Dataset excerpt –
=== Begin Enclosure ===

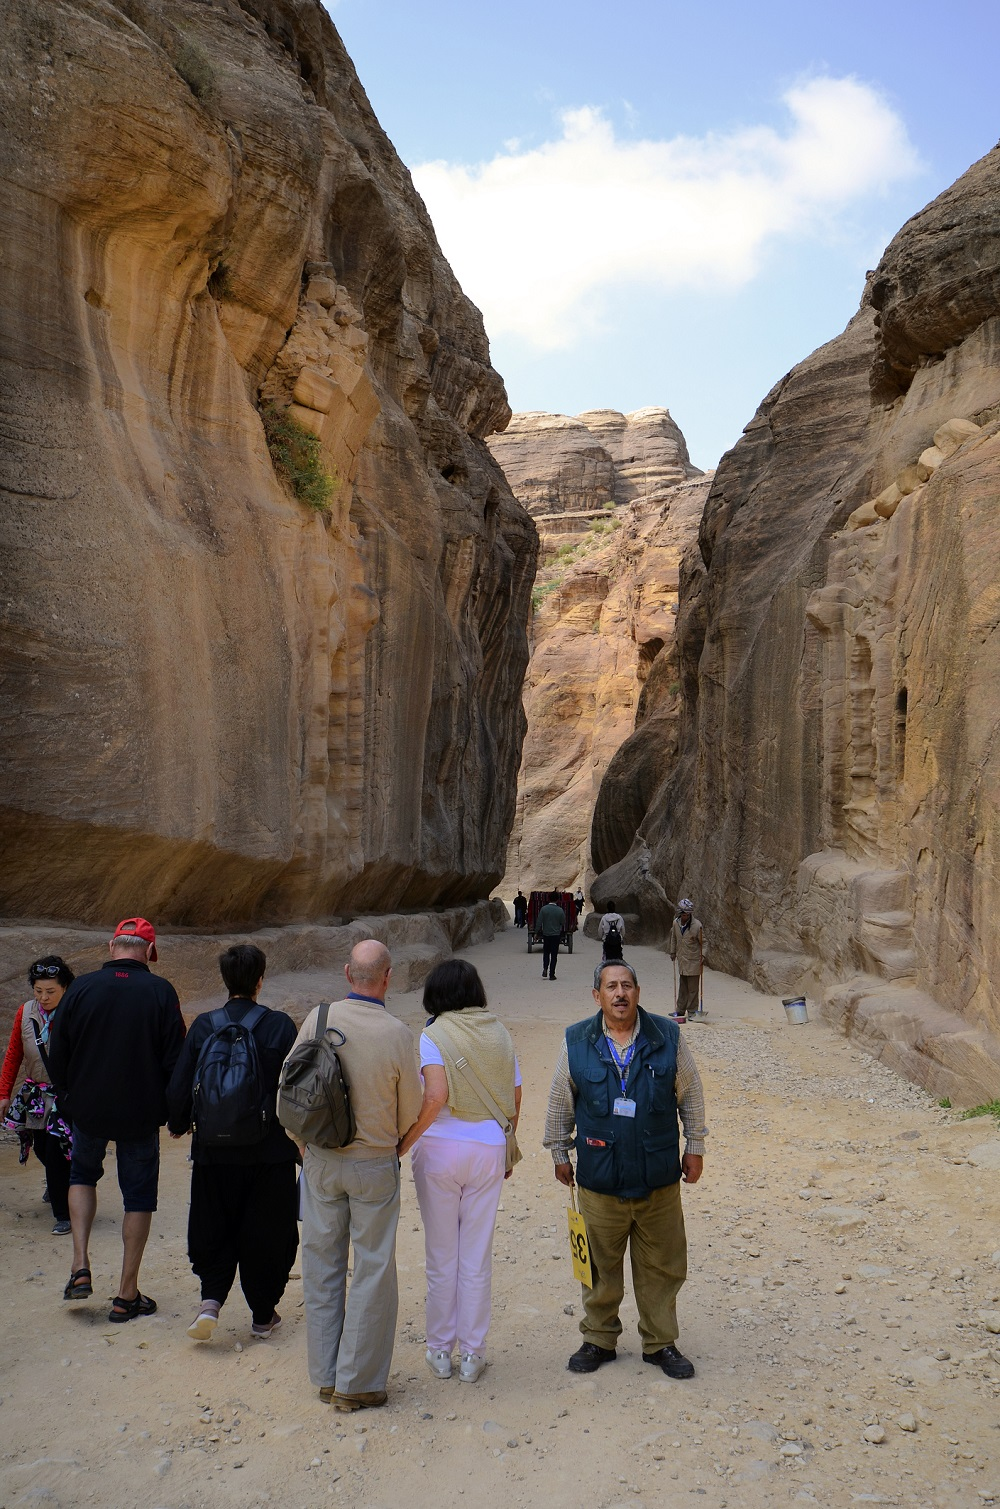 Tourists and tour guide in Petra Jordan
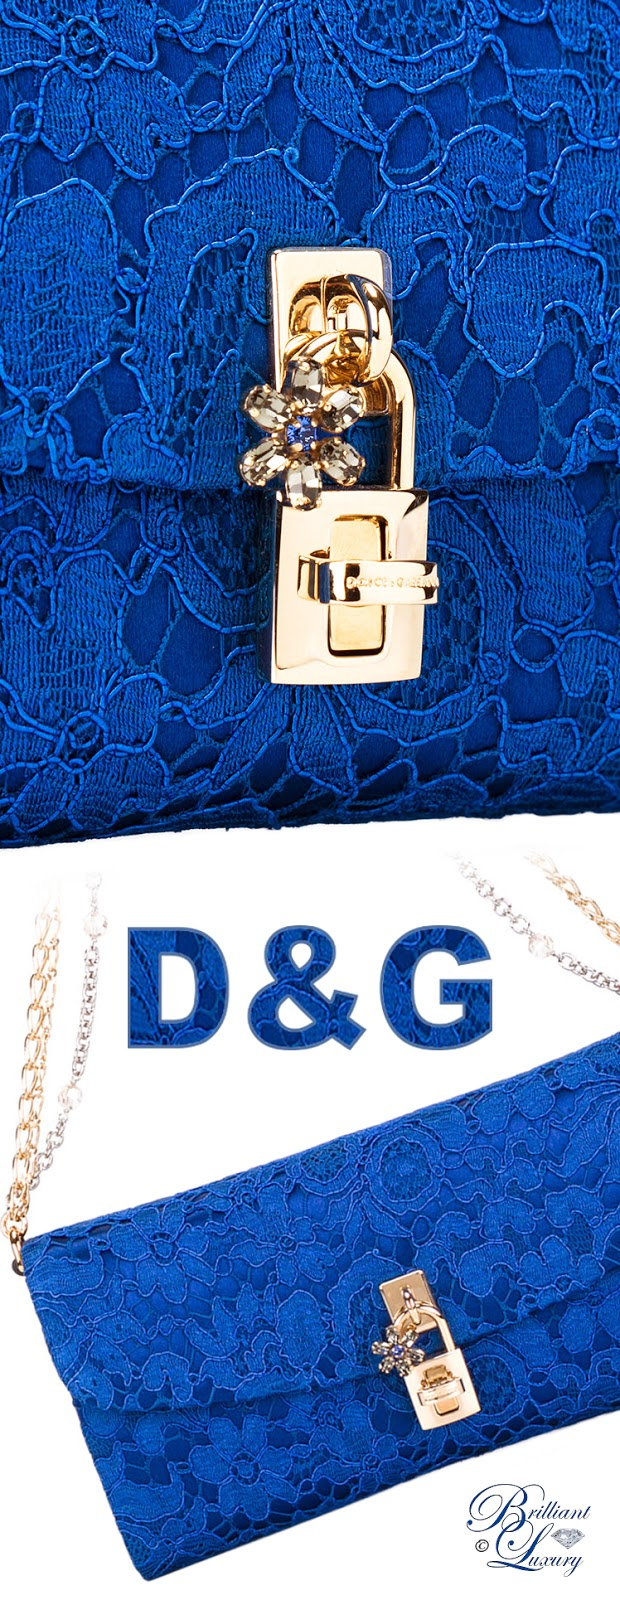 Brilliant Luxury ♦ Dolce & Gabbana Dolce Clutch
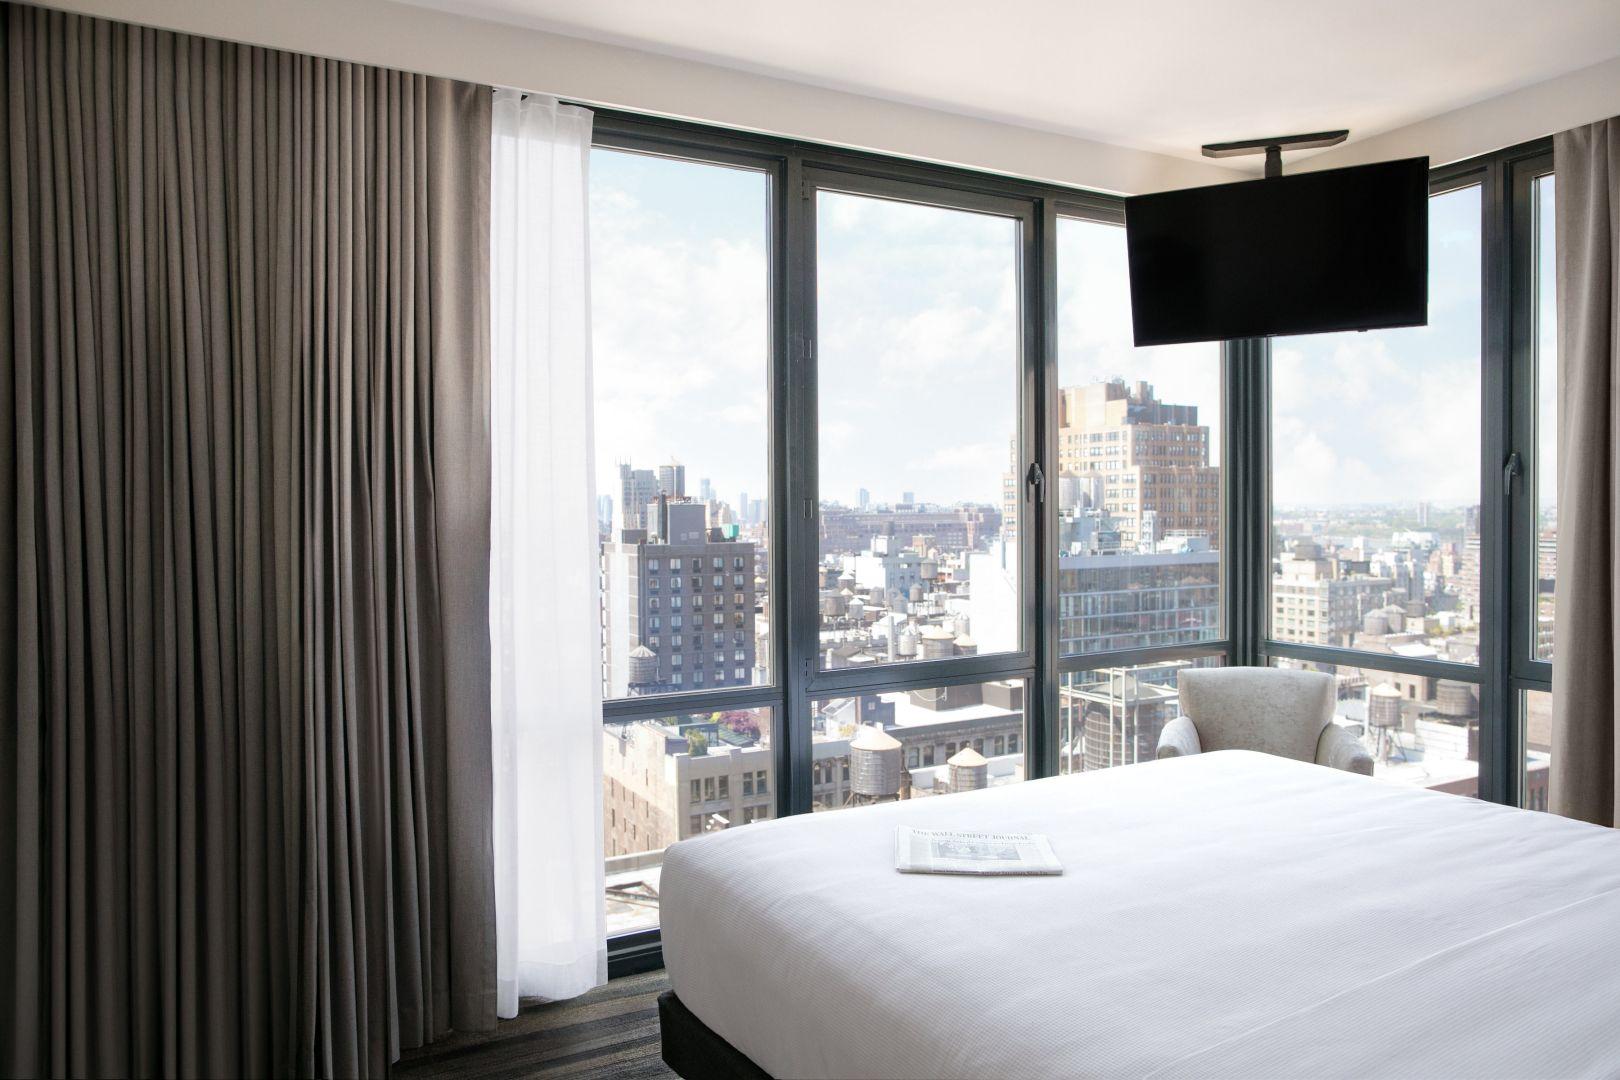 Hyatt House New York/Chelsea hotel room overlooking NYC

=== End Enclosure ===

Instructions to follow –
Transcribe all the lines above exactly; any image among them is skipped.

Output –
 Tourists and tour guide in Petra Jordan
 Brilliant Luxury ♦ Dolce & Gabbana Dolce Clutch
 Hyatt House New York/Chelsea hotel room overlooking NYC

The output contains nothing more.